Chapter 5 Exercises: z/OS Workload Manager
Part A: Conceptual Foundations (Exercises 1–6)
Exercise 1: Goal-Based vs. Static Priority Management
Explain in your own words why z/OS moved from static dispatching priorities (compatibility mode) to WLM goal-based management (goal mode). Your answer should address:
a) What specific limitations of static priorities made them inadequate for modern workloads? b) How does goal-based management handle the scenario where a CICS region needs maximum resources at 2:00 PM but minimal resources at 2:00 AM? c) Why would a system running in compatibility mode "leave performance on the table"?
Exercise 2: Service Class Design Reasoning
Continental National Bank has thirty service classes. A junior sysprog proposes consolidating to eight service classes to "simplify management." Kwame Mensah pushes back.
a) What is the minimum number of service classes a production shop like CNB realistically needs, and why? b) What problems would arise from having too few service classes? c) What problems would arise from having too many (e.g., 60+)? d) What is the sweet spot, and how do you determine it?
Exercise 3: Performance Index Interpretation
Given the following RMF data snapshot, answer the questions below:
SERVICE TRANS AVG ---GOAL--- PERF IMP
CLASS COUNT RESP TYPE VALUE INDEX LVL
-------- ------ ------ ---- ------ ------ ---
SVCCLS01 8,200 0.18 RT 0.20 0.90 1
SVCCLS02 42,100 0.52 RT 0.25 2.08 1
SVCCLS03 380 N/A VEL 50% 0.65 2
SVCCLS04 45 N/A VEL 30% 3.20 3
SVCCLS05 12 N/A VEL N/A N/A 5
a) Which service class is performing best relative to its goal? How do you know? b) Which service class has the most serious performance problem? Why is it serious? c) SVCCLS04 has a PI of 3.20 — should the operations team be alarmed? Under what conditions would this be acceptable? d) What would happen to SVCCLS04's PI if the work in SVCCLS02 were reclassified to importance 2? e) Why does SVCCLS05 have no PI?

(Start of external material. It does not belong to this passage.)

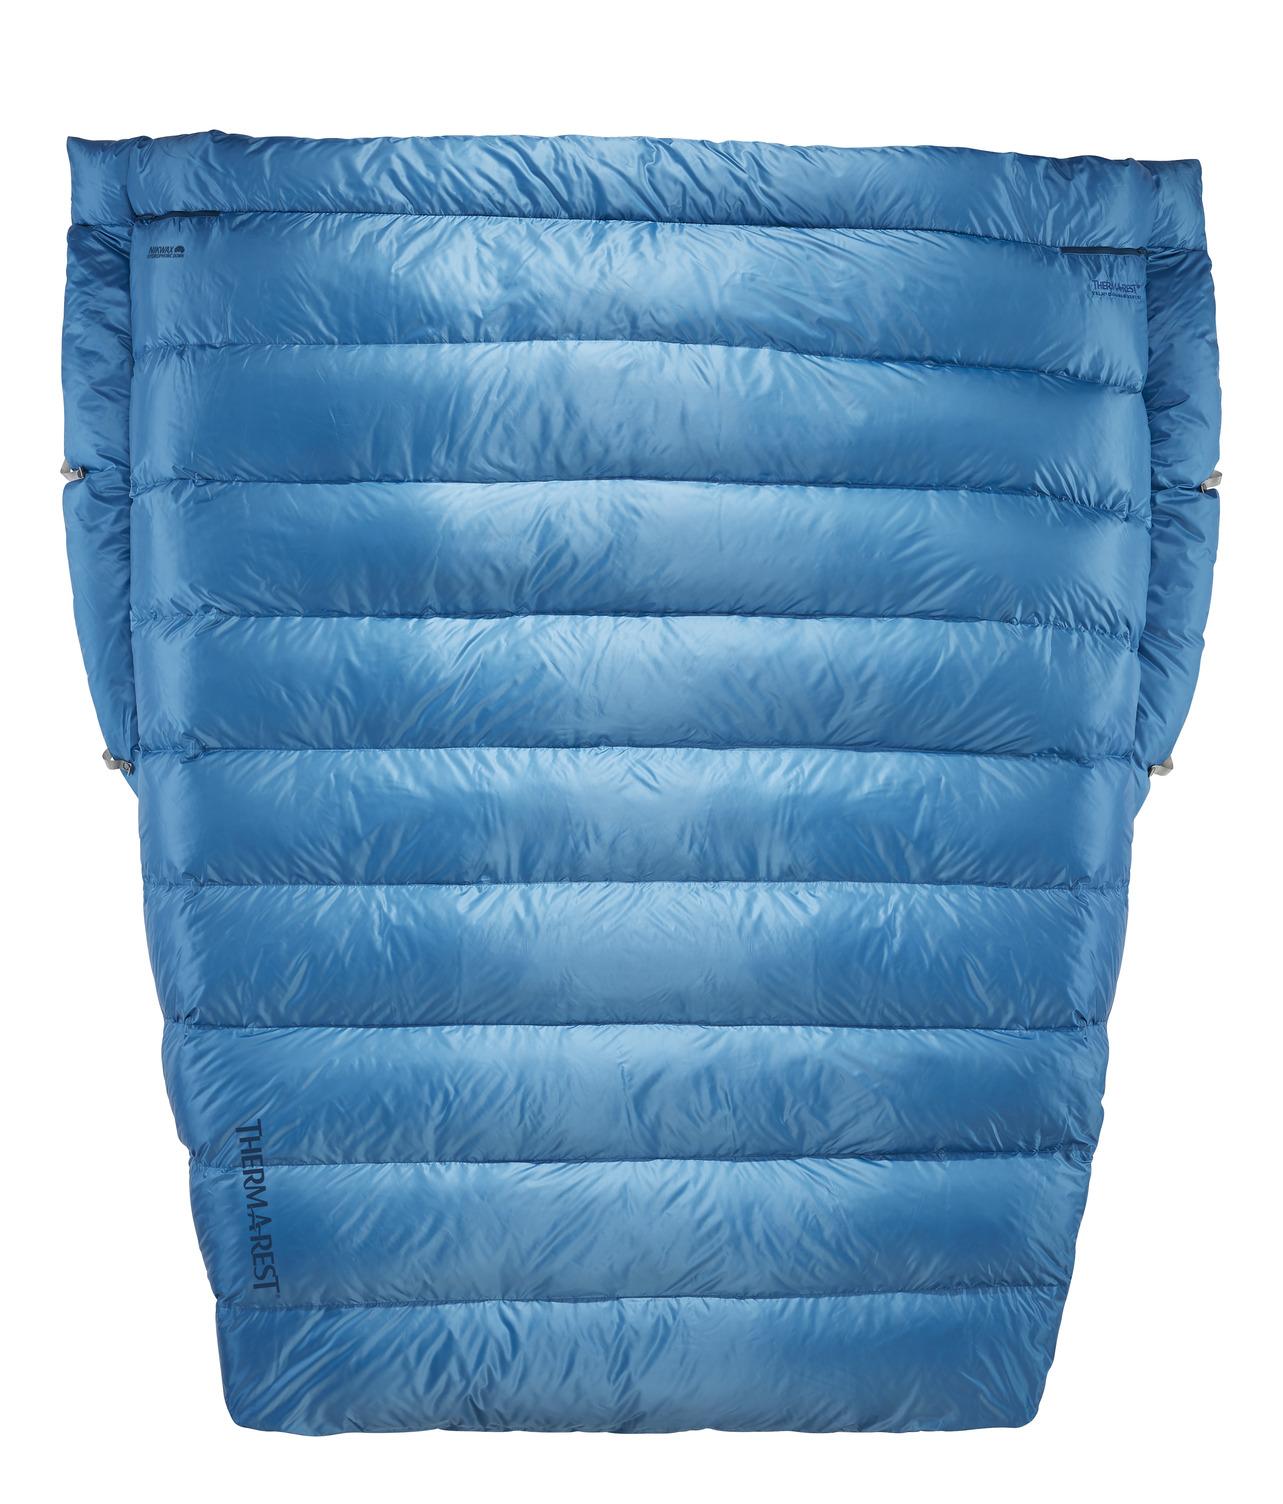 Thermarest Vela Double 32 - Sleeping bag

Exercise 4: Classification Rule Ordering
Explain why classification rules are evaluated top-down with first-match-wins semantics. Consider the following rule set:
JES Subsystem:
Rule 1: Job Name: * → BATCHSTD
Rule 2: Job Name: EOD* → BATCHCRT
Rule 3: Job Name: REG* → BATCHCRT
a) What is wrong with this rule set? b) How should it be corrected? c) What is the operational impact of this error? d) How would you detect this error if it were deployed to production?

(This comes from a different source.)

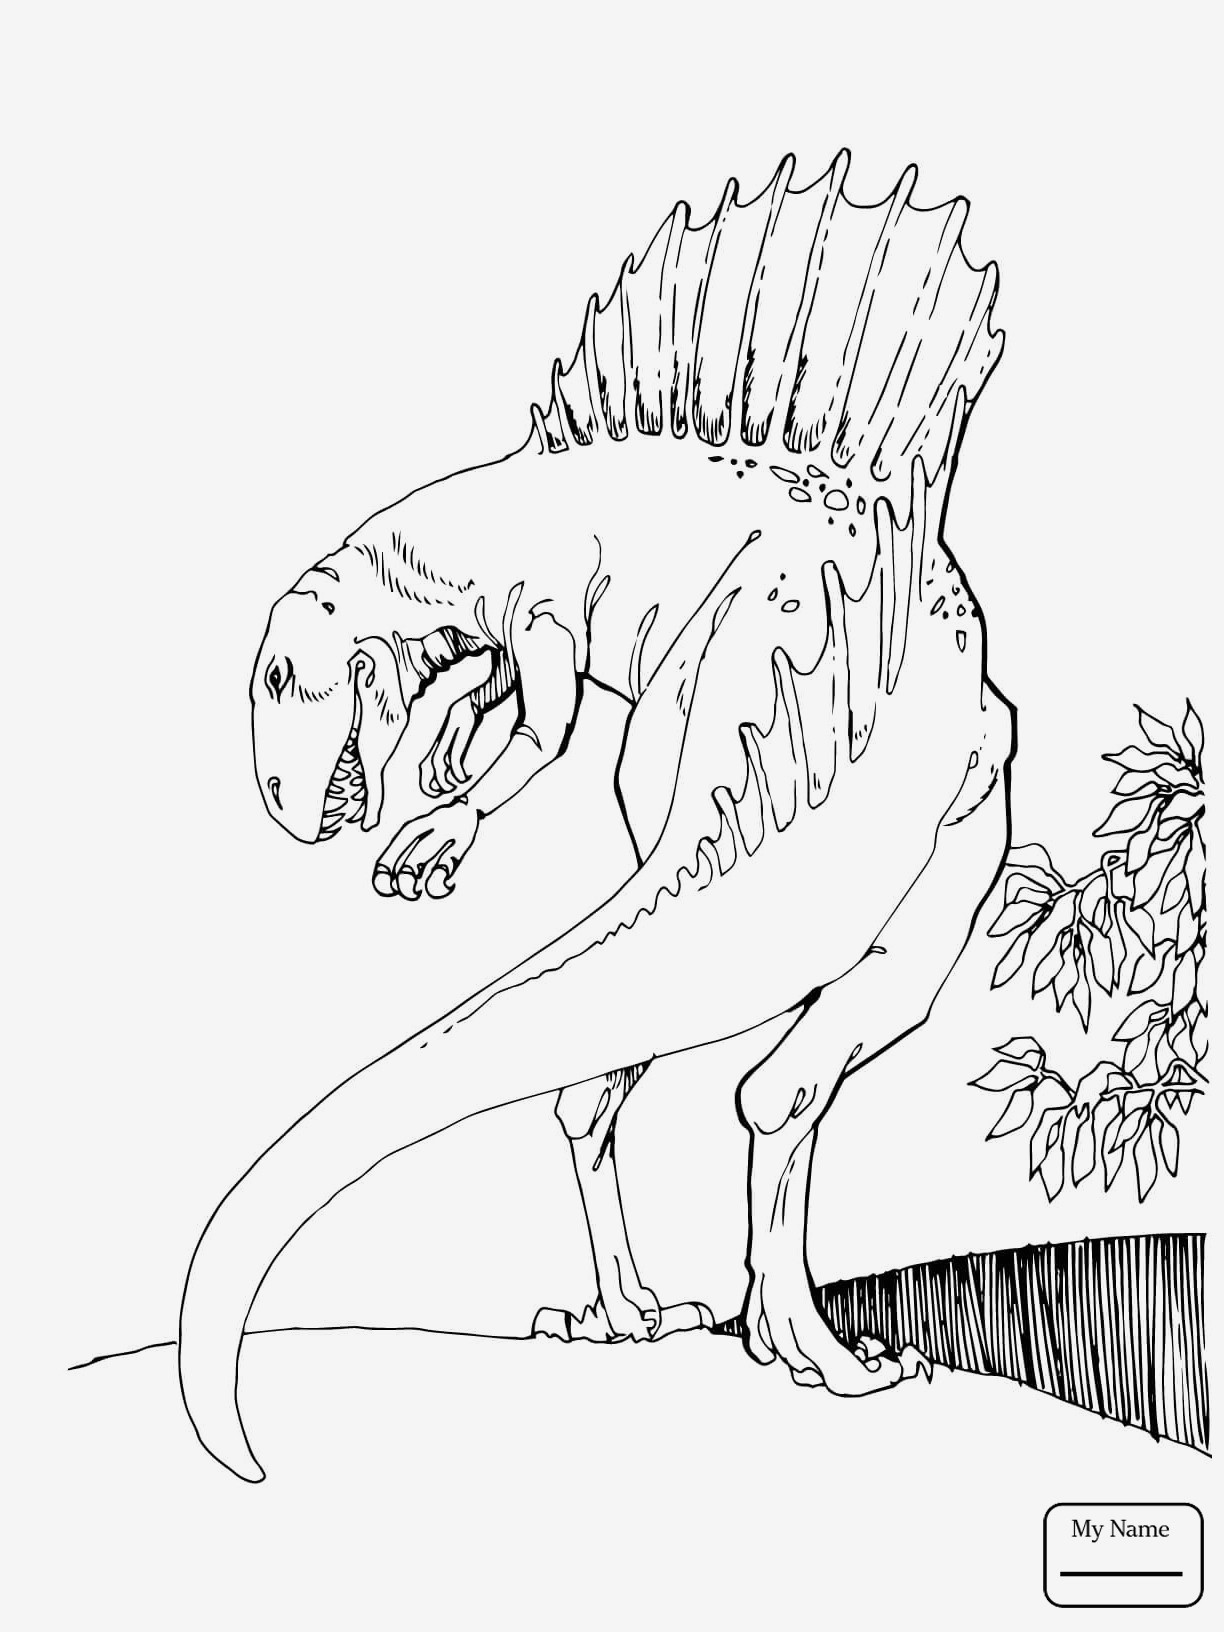 T Rex Malvorlage Das Beste Von Spannende Coloring Bilder T Rex Malvorlagen Kostenlos Das Bild

Exercise 5: Importance Level Strategy
You are designing a WLM service definition for a mid-size insurance company. The CIO tells you: "Everything is important — put it all at importance 1." Explain:
a) Why this defeats the purpose of WLM b) What the actual behavior would be if all work were at importance 1 c) How you would guide the CIO through a prioritization exercise d) What business-level questions you would ask to establish the importance hierarchy
Exercise 6: Multi-Period Service Classes
Design a two-period service class for CICS transactions at Pinnacle Health Insurance. The requirements are:
- Normal claims adjudication transactions should respond in under 0.5 seconds
- A small percentage of transactions encounter complex cases requiring 5-10 seconds of processing
- These long-running transactions should not consume resources at the same priority as fast transactions
- But they must still complete — they cannot be starved entirely
Define the period durations, goal types, and importance levels for each period. Justify your choices.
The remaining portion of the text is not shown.